Related: 4 Foods to Eat Every Day Post Cancer
Foods to Limit during Your Cancer Treatments
"Big picture, there isn't any one food that should be off-limits during cancer treatment," says Dalpiaz. "It really depends on what symptoms you're experiencing." That said, she steers her patients toward limiting red meats and processed meats, which have been associated with higher rates of colorectal cancers. The American Institute for Cancer Research recommends eating no more than three portions (12 to 18 ounces total cooked weight) of red meat per week, and eating little, if any, processed meat.
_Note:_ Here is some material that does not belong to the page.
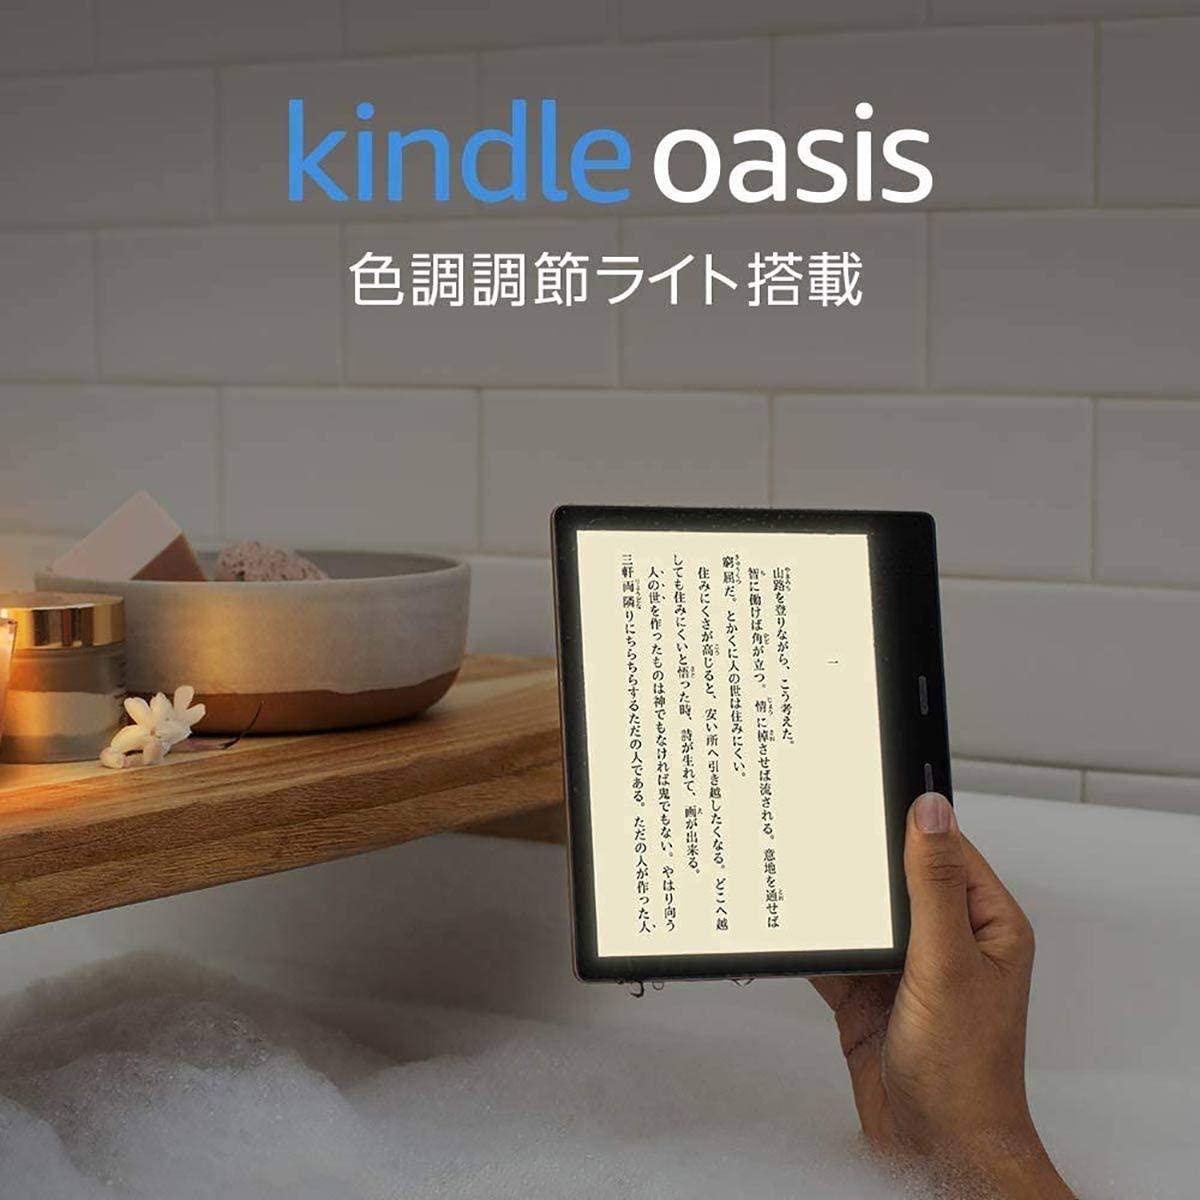 【Amazon】Kindle Oasis 色調調節ライト搭載 Wi-Fi 32GB 電子書籍リーダー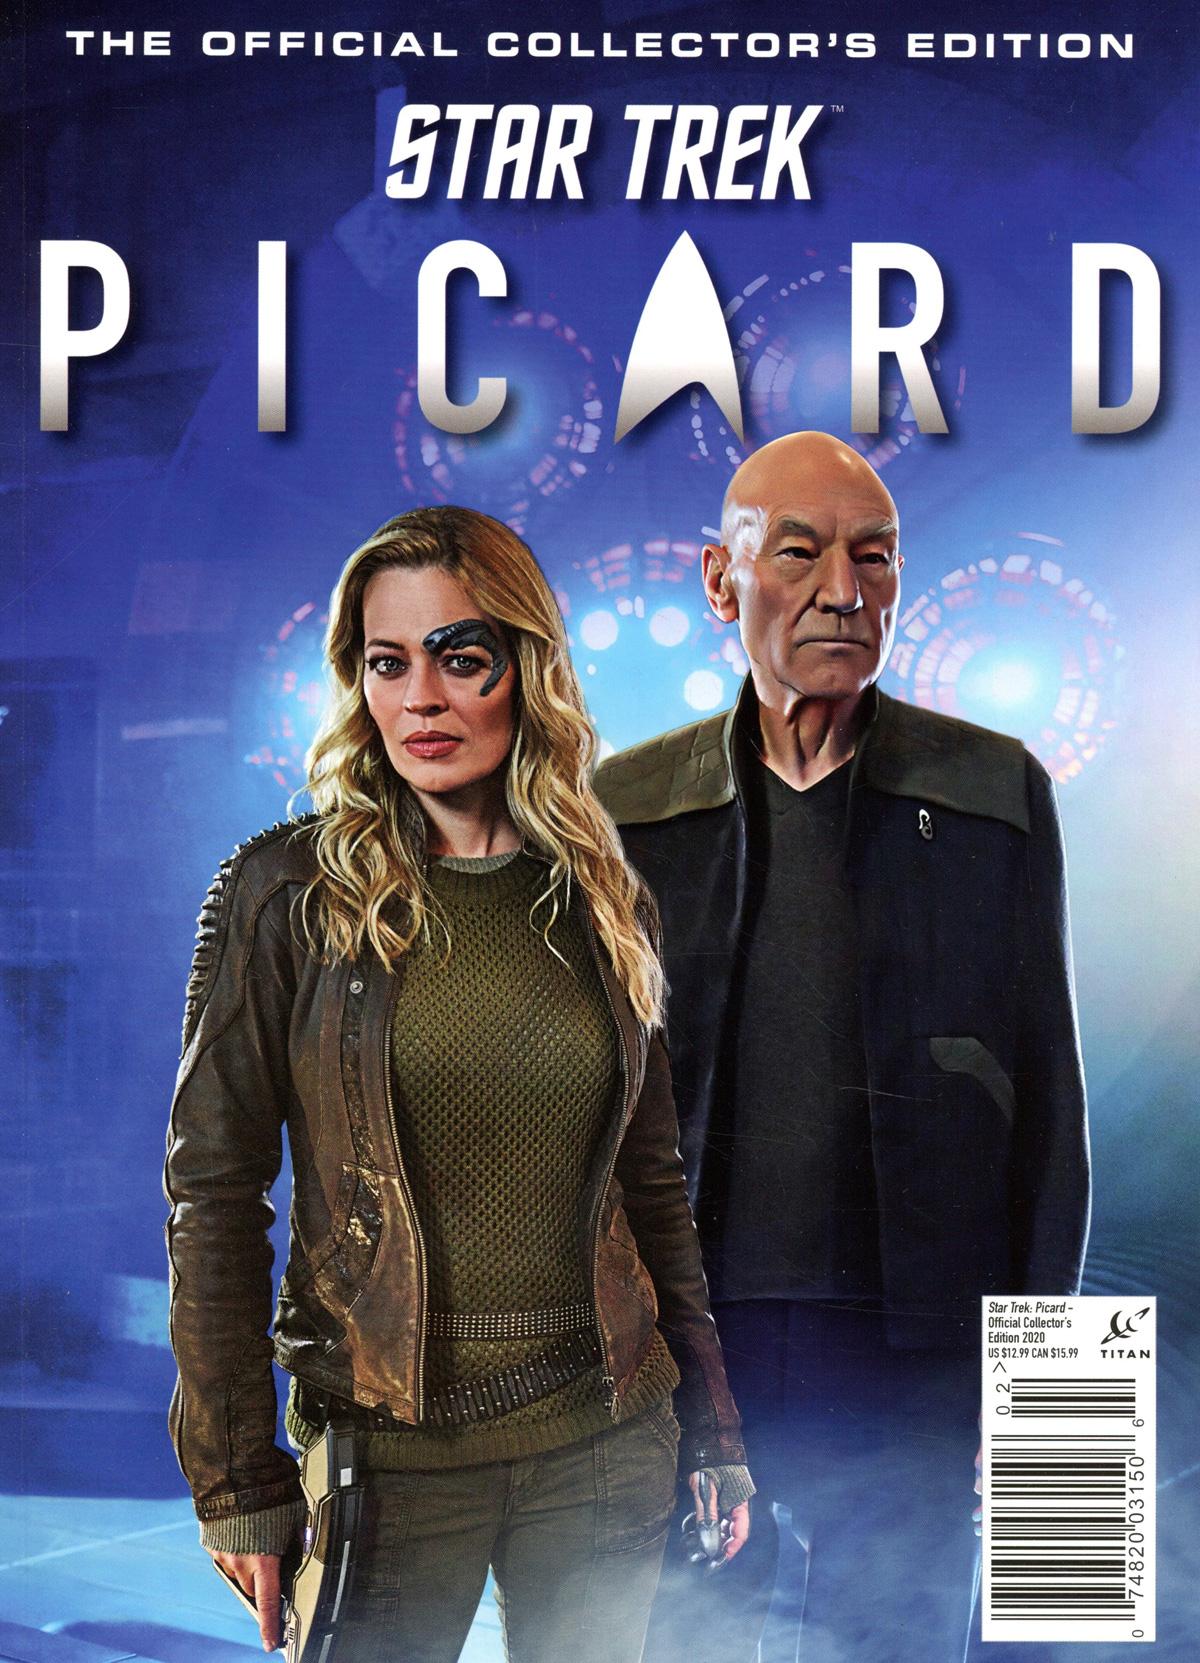 Star Trek Picard Official Collectors Edition 2020 Previews Exclusive Edition

And, while Dalpiaz believes widespread "sugar feeds cancer" fears are a "gross oversimplification," she recommends staying within the guidelines recommended by the American Heart Association: no more than 9 teaspoons (36 grams) per day for males, and 6 teaspoons (25 grams) for females. The rationale: Too many added sugars can lead to weight gain, which ups cancer risk.
The Bottom Line
Eating well throughout cancer treatment can be a challenge, but the creative solutions are many. Working with a dietitian can help you make those small shifts that can make a big impact on your health and help you retain a sense of normal life, says Dalpiaz: "The goal is to find ways to make eating enjoyable, in a healthful way that helps you feel your best."